I have coffee, so my mood will almost certainly improve… but not soon. At least the caffeine will make me a little less cranky. And tomorrow there’s rain in the forecast, which will be a boon and a blessing–if it actually happens, of course, meteorology being what it is. Weather is a highly complex system, and the tiniest invisible thing can throw a forecast wide of the mark.

I’m pretty sure my role today is “comic relief”, and that’s best performed with an edge under one’s humor–well hidden, like a straight razor tucked in a pile of folded silk. The important thing is that edge must never, under any circumstances, punch down–you must always employ it at least laterally (at your own privilege) or ideally upwards (at those more privileged).

The dogs are unhappy with only a block’s worth of walkies each day instead of a proper ramble. I start coughing as soon as I step outside–another reason why I’ll probably climb onto the treadmill even though I’m absolutely aching to pound some pavement–and it can’t be good for their lungs either. But they don’t understand things like air quality, climate change, or elections. To them, I am the sole goddess of the world, and though my ways are strange they do not question, merely complain.

Loudly, in some cases.

In any case, I’ve drained my coffee cup, and yesterday’s work in The Bloody Throne was late but satisfying. I’m at the point where planned scenes can be thrown merrily out the window because the final shape of the book is now visible, and all that’s necessary is to fill in the blocks left over. The book isn’t quite ready to break free and gallop for the finish, but it’s only a matter of time.

I’m ready. I wish I was back at my pre-lockdown productivity rate, but I’m having difficulty switching between projects for the first time in my life. Something in my innards has broken, and I’m not quite sure how to keep us all fed (not to mention the lights on) if I can’t work at least at 75% of my norm. At least I can sit cross-legged while writing now, and that is making my back ever so much happier.

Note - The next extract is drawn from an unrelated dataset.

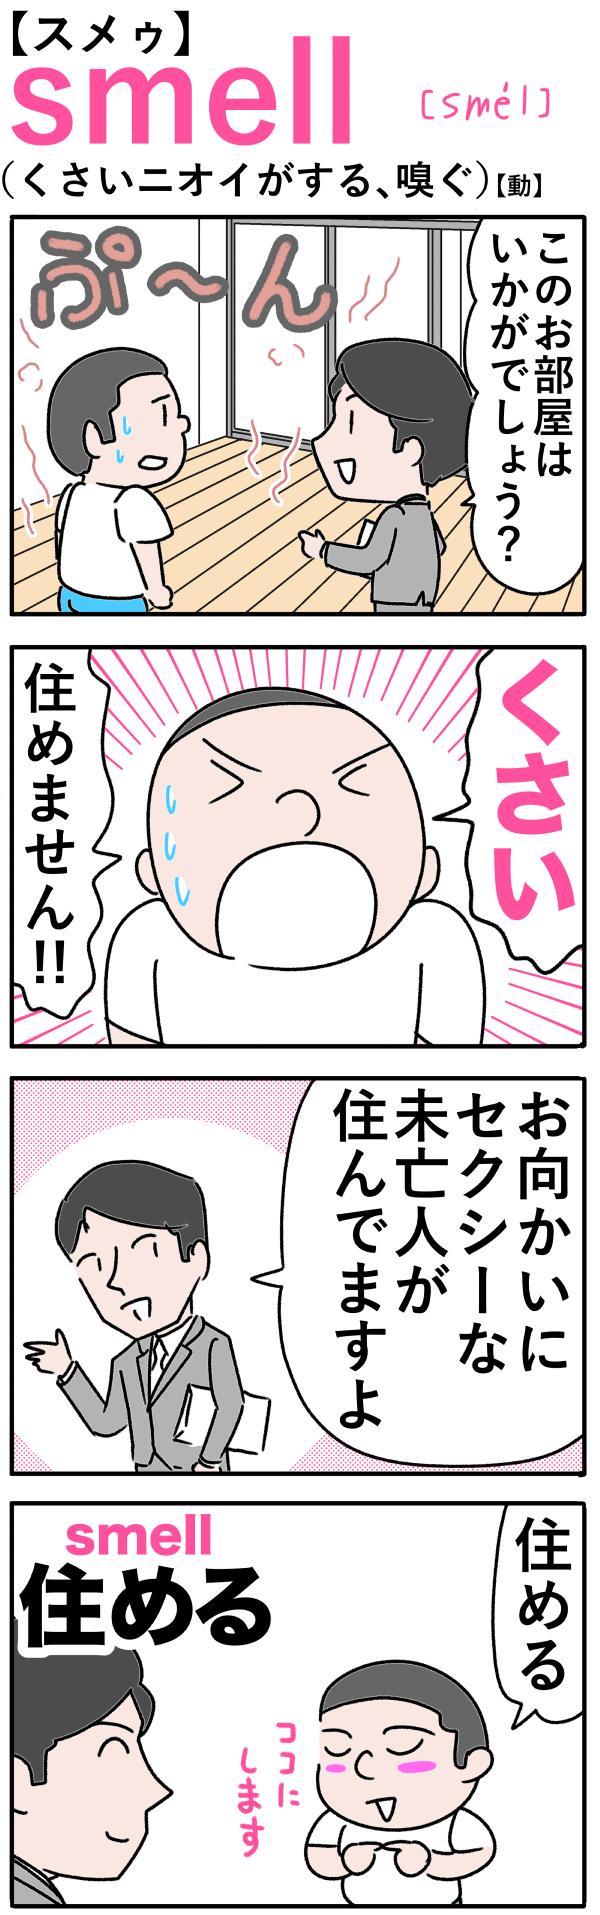 smell(くさいニオイがする)の語呂合わせ英単語

So today I walk the dogs, climb begrudgingly on the treadmill, and find some humor amid the pile of wreckage. The last bit will save me, I suspect; if I can laugh, I’m some version of all right. My sense of humor tends to be pretty mordant and bleak anyway; today, however, there’s going to have to be some slapstick amid the smoke.

We’re on the downhill slide, almost done with the week; soon we’ll stagger past Friday and be able to celebrate another small victory.

I can’t wait.

Alien, Victorious Us

I was at the supermarket the other day, saw this fellow, and burst out laughing because I’m writing an alien romance (in all my copious spare time, naturally). I would have picked him up if he’d been on clearance, but I’m going to have to wait.

If it’s meant to be, it’ll happen.

It’s Friday! We survived another week. I’m very nervous–the skies here are apocalyptic, and stepping outside means trying to breathe through a LOT of smoke. We need rain, badly. I’m going to have to run on the treadmill, which isn’t really a hardship, but still… the anxiety is living in my chest, making itself comfortable in a trembling tight-curled ball.

At least it’s D&D night, which means I can let my id out to play. I think we’re planning an owlbear rescue operation. Our group is about two things: animal rights and seducing, with a healthy dose of killing the rude and/or the evil.

If you’re thinking “that sounds hella therapeutic” you are 100% correct.

Have a good weekend, my beloveds. Be gentle with yourselves. This is all awful, and like I keep saying, survival is a victory.